The Center for Science in the Public Interest (CSPI) wrote a letter this month to the FDA requesting a ban on ginkgo biloba. First the letter dismisses ginkgo’s efficacy on memory and cognitive function (“Claims regarding Ginkgo’s supposed health benefits…are false and should be stopped”), then cites a report that finds ginkgo extracts cause cancer in humans.

220px-GinkgoLeaves

Except that the report actually did nothing of the sort.

The report, released in March by the National Toxicology Program (NPT, an interagency program overseen by the Department of Health and Human Services), linked extremely high dosages of one highly concentrated, specially formulated version of ginkgo biloba to an increased risk of cancer in the thyroid, liver, and noses of lab rats. A review clearly shows the many flaws in this research:

  • The ginkgo extract used in the study is not even remotely representative of the ginkgo extracts sold in the US. The supplier of the extract wanted to make a unique formulation that could be used for drug development. As this was a far more concentrated, synthetic version of ginkgo, it would be absurd to extend these results to all forms of ginkgo on the market.
  • There were issues with the stability of the formulation used. Moreover, the rat population received a much higher dosage than humans taking ginkgo in supplement form would receive, based on the dosage-to-weight ratio.
  • The particular rat population that was used is known for their spontaneous development of liver tumors.
  • The study authors explicitly state that the results should not be extrapolated to humans, and said that the review panel of the ginkgo was “specifically not to enter into any risk assessment related to humans.”

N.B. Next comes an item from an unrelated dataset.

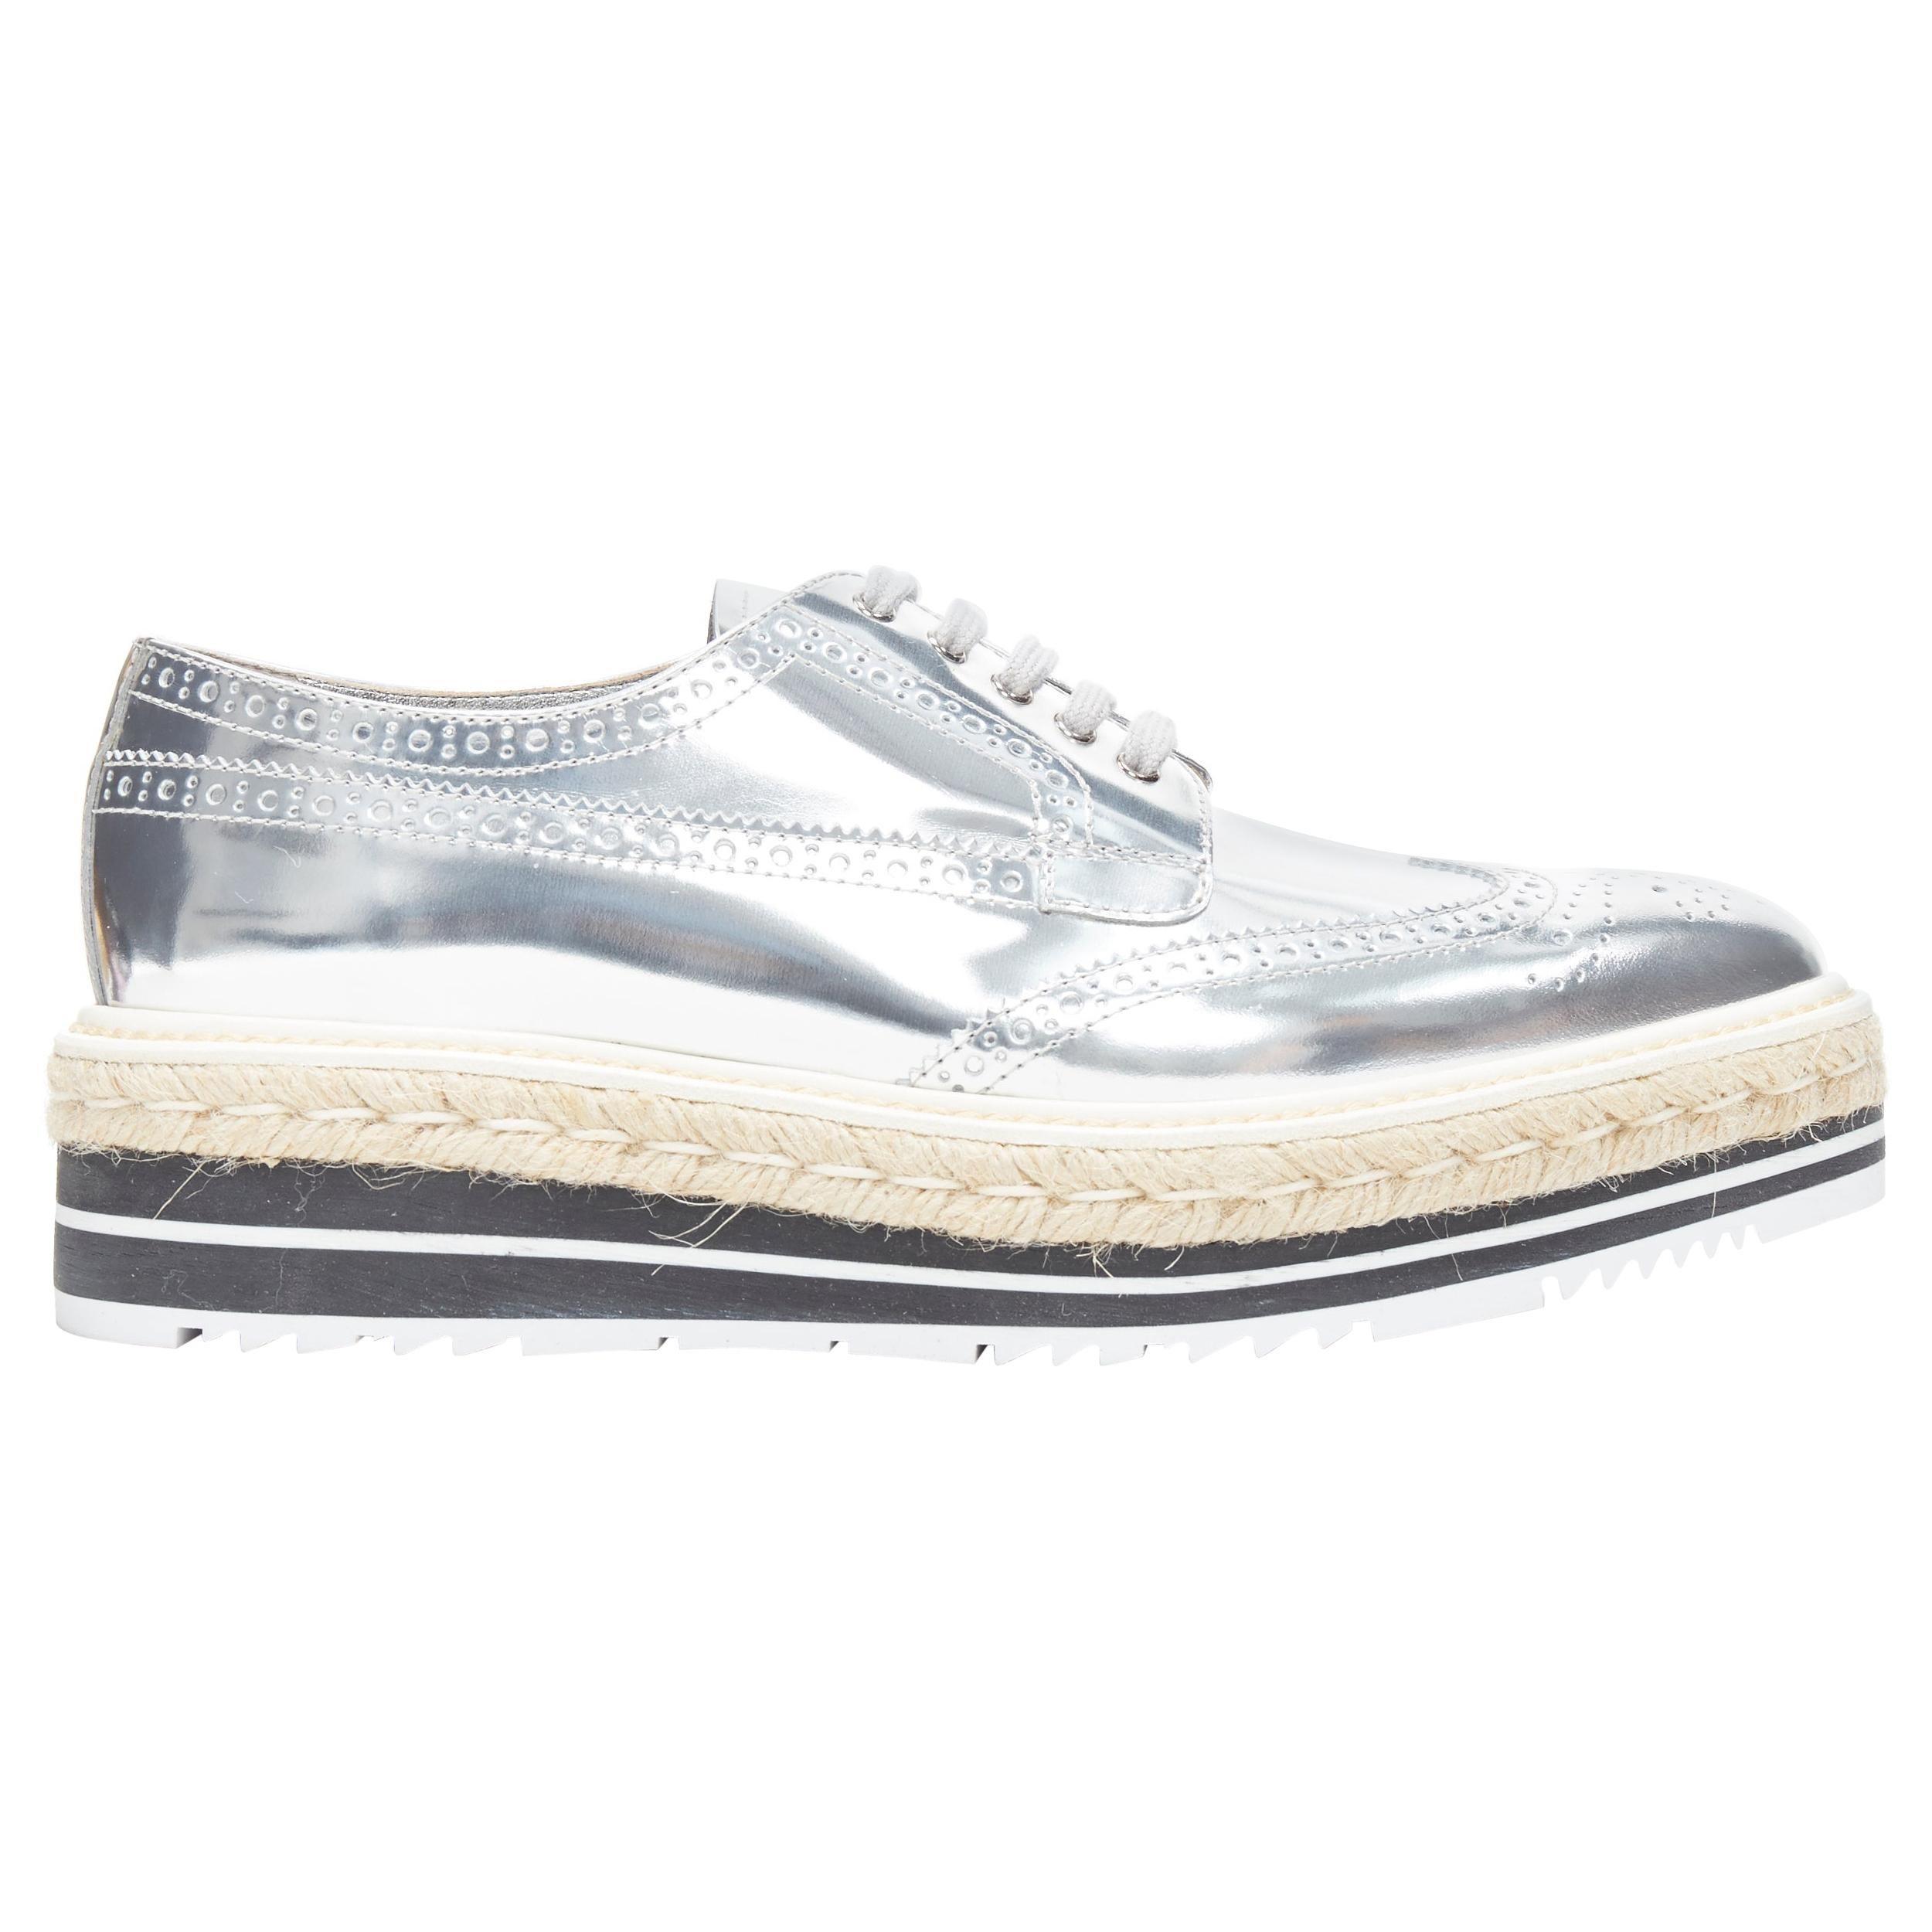 new PRADA mirrored silver leather espadrille jute platform sole brogue EU40 US10
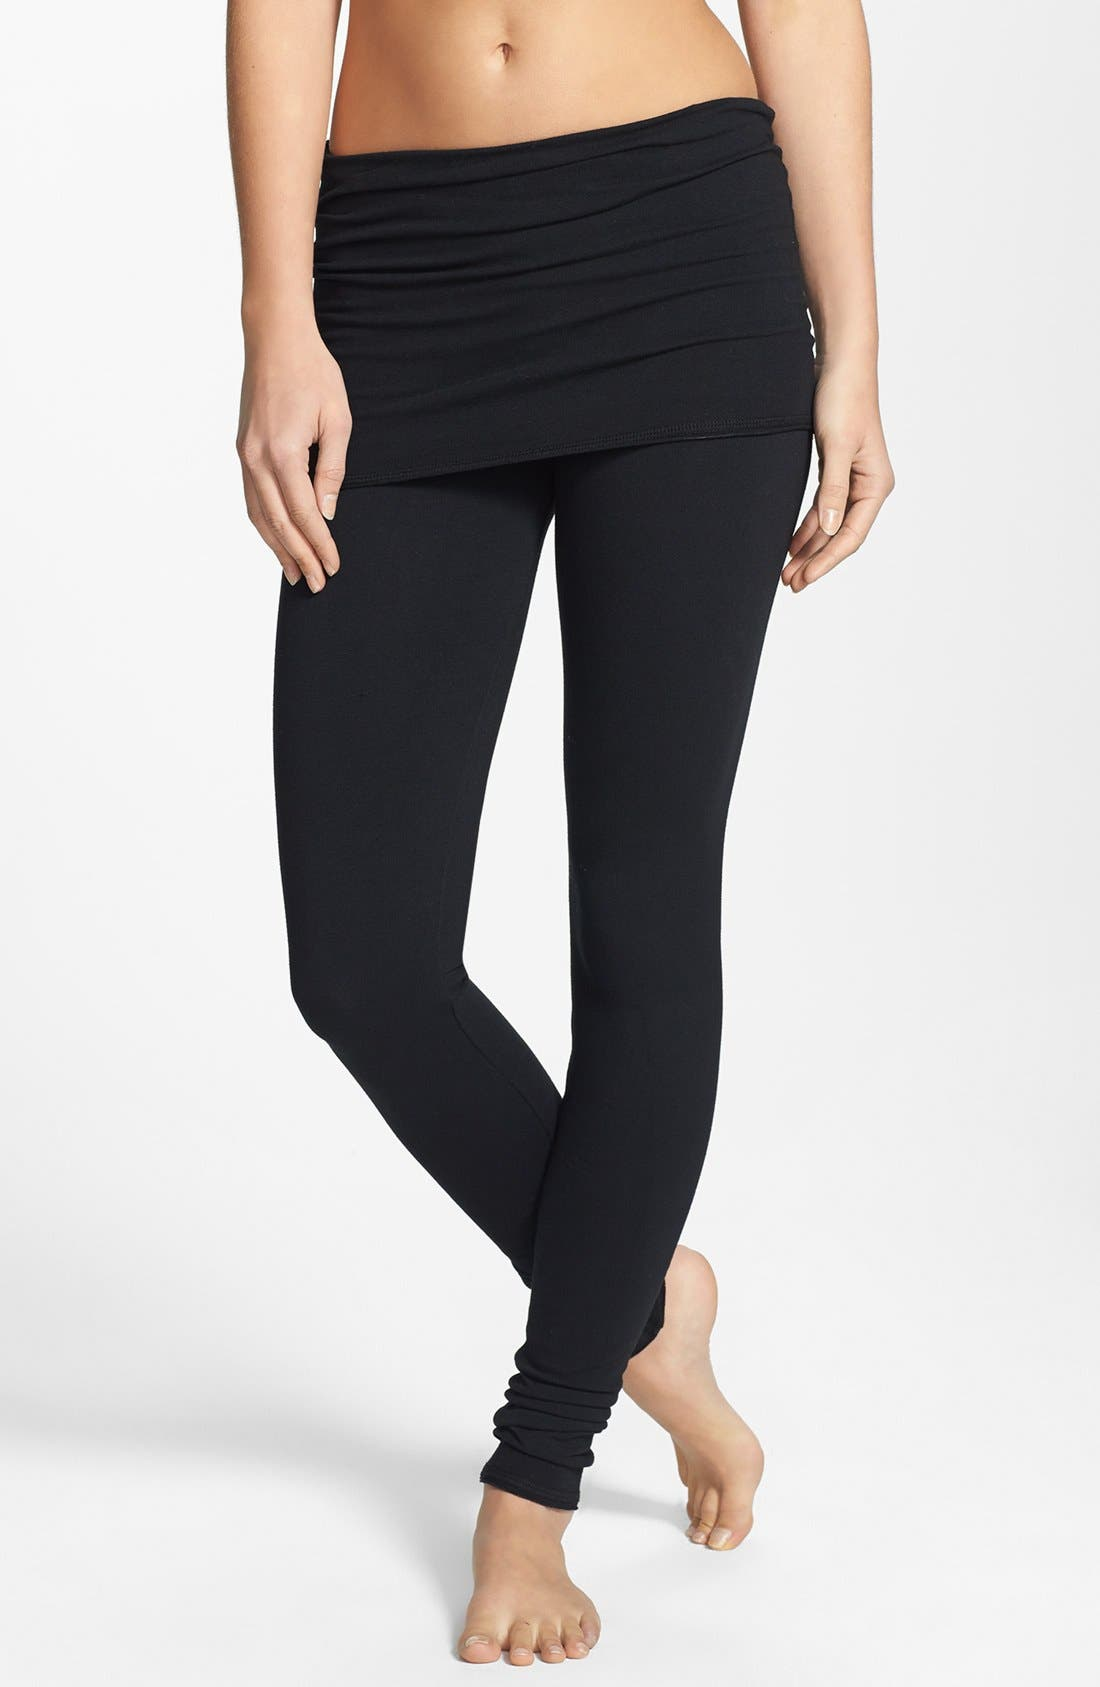 Alternate Image 1 Selected - Solow Skirted Yoga Leggings

CSPI didn’t stop there. In their letter to FDA, they use the NTP report to make a broad attack on supplements and health claims. They mention dietary supplement companies and products by name, even though the ginkgo in the study was not the same formulation used in the products.

Then CSPI shifted their attention to the media: “The dietary supplement industry is full of snake oil salesmen,” CSPI executive director Michael F. Jacobson told The Daily News. “It’s frustrating to see so many deceptive claims for dietary supplements.” CSPI is threatening to sue Bayer over their One a Day line of nutritional supplements. They say Bayer’s health claims “[fail to] satisfy the FTC’s requirements for substantiation in order to be lawful. The FTC has recently required a higher standard of proof for companies making health-related claims.” Unfortunately, media outlets as august as The New York Times gobbled up the story. However, the FTC required a higher standard of proof for only those few companies, and enforced that standard via litigation and a consent decree for each company. It’s not a regulation that applies to every company, much to the disappointment of FTC and apparently CSPI—but it is a deeply troubling precedent.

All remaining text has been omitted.